Driefontein, 43 miles west of Johannesburg, has one of the deepest gold mines in the world. But, output at the more than 2-mile deep mine, which produces close to 30 tons of gold annually, declined 9% last year. This was not because there was not enough gold to be mined, but because the mine didn’t get enough power and had to be partly shut down for many days.
Last year’s near breakdown of the country’s power grid forced most mining companies to suspend operations. It was the first time the country’s gold mines were closed since the Anglo-Boer war more than a century ago. Gold exports from South Africa declined 13.6% in 2008, mostly because of the power outages, the country’s Chamber of Mines said last month. With this, South Africa has slipped behind China as the top gold exporter in the world, a position it held for more than a century until 2006.
Though power supplies have improved in recent months, the situation is far from comfortable. Eskom, the state-owned utility, still has a load shedding status dial on its website. Like a fuel gauge, its needle moves between green and red areas to warn customers about the possibility of load shedding or a scheduled power outage. Decades of underinvestment in generation and distribution infrastructure has made it difficult to meet the growing demands of the biggest economy in Africa and one of the largest emerging economies in the world.

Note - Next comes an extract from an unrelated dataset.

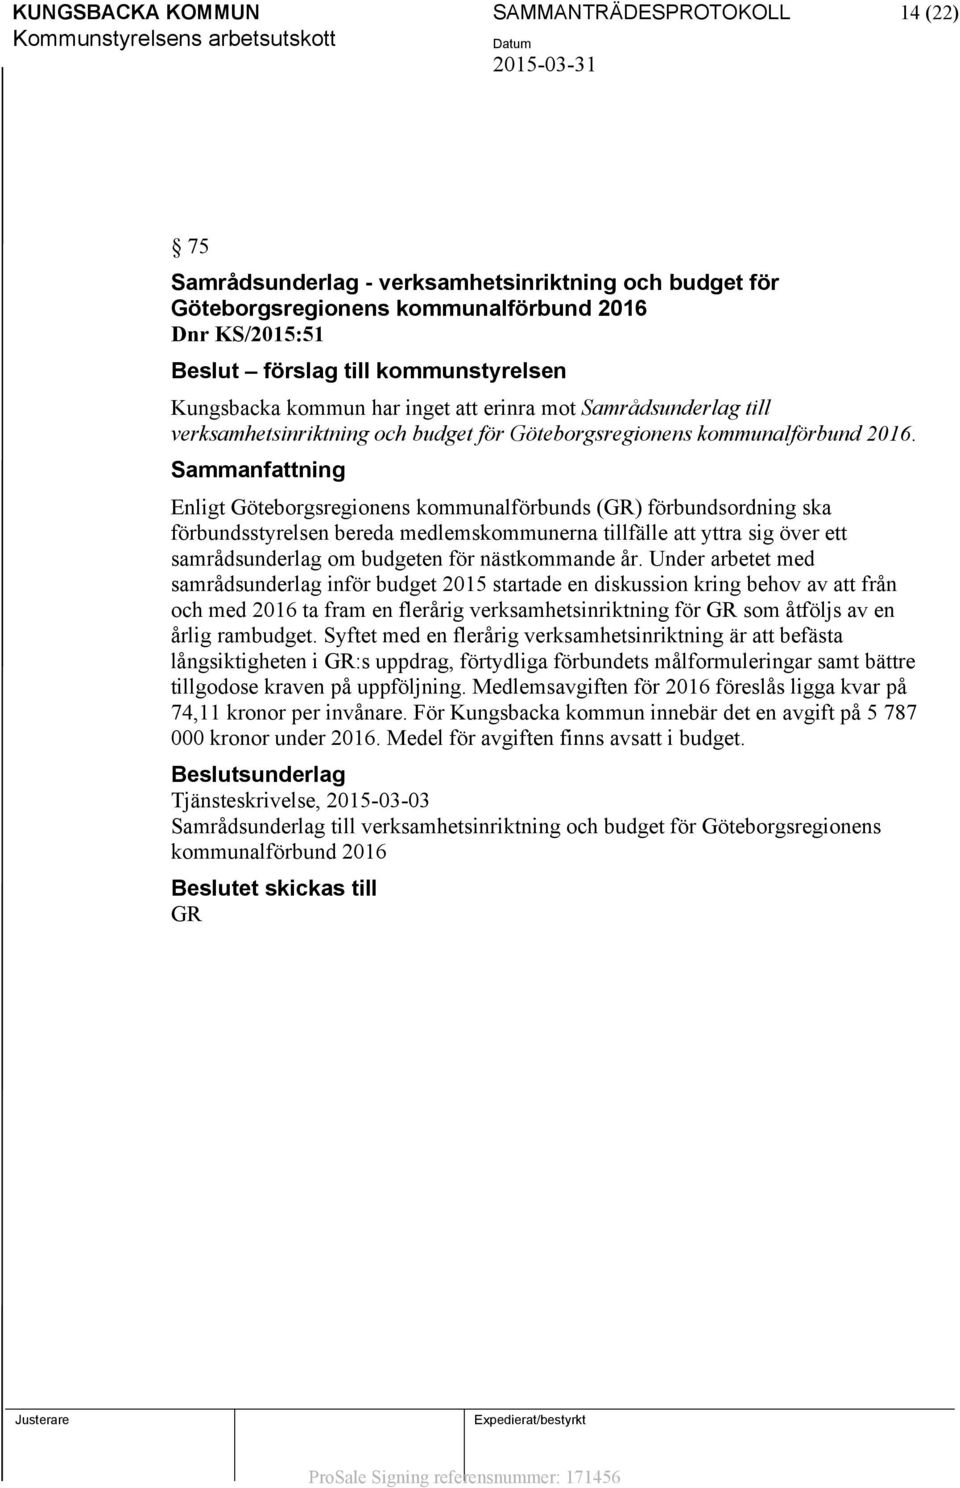 Enligt Göteborgsregionens kommunalförbunds (GR) förbundsordning ska förbundsstyrelsen bereda medlemskommunerna tillfälle att yttra sig över ett samrådsunderlag om budgeten för nästkommande år.

Mines like Driefontein are playing it safe and are installing stand-by generators to provide backup power if supplies are disrupted again. However, the generators can meet only 10% of the mine’s requirement and will allow only the most critical services to be run during a power outage. So, despite the additional investments, the mining industry will again face shutdowns if power supplies fall short this year. Not quite what the industry would want, when gold prices are at a record high!
It is not only the mining industry that is bearing the brunt of power shortages. Nearly 2.5 million households in South Africa still do not have electricity and 70% of rural households rely on wood and other fuels, according to a recent study by Citizens United for Renewable Energy and Sustainability.
The government is waking up to the challenge and is speeding up a major restructuring of the distribution network, under the national agency EDI Holdings. The country is considering more nuclear plants to generate 20,000 megawatts of electricity. Eskom is expanding some of its power stations and has plans to revive many defunct plants, besides setting up new distribution networks. The government has also increased the incentives to encourage investments to develop alternate energy sources and improve energy efficiency.
Raising finances for large projects may be difficult in the current global economic environment. Yet, South Africa cannot let up and should enhance the efforts to get these new projects off the ground quickly. Debilitating power outages are the last thing South Africa, a country that should be a model for the rest of the continent, can afford now.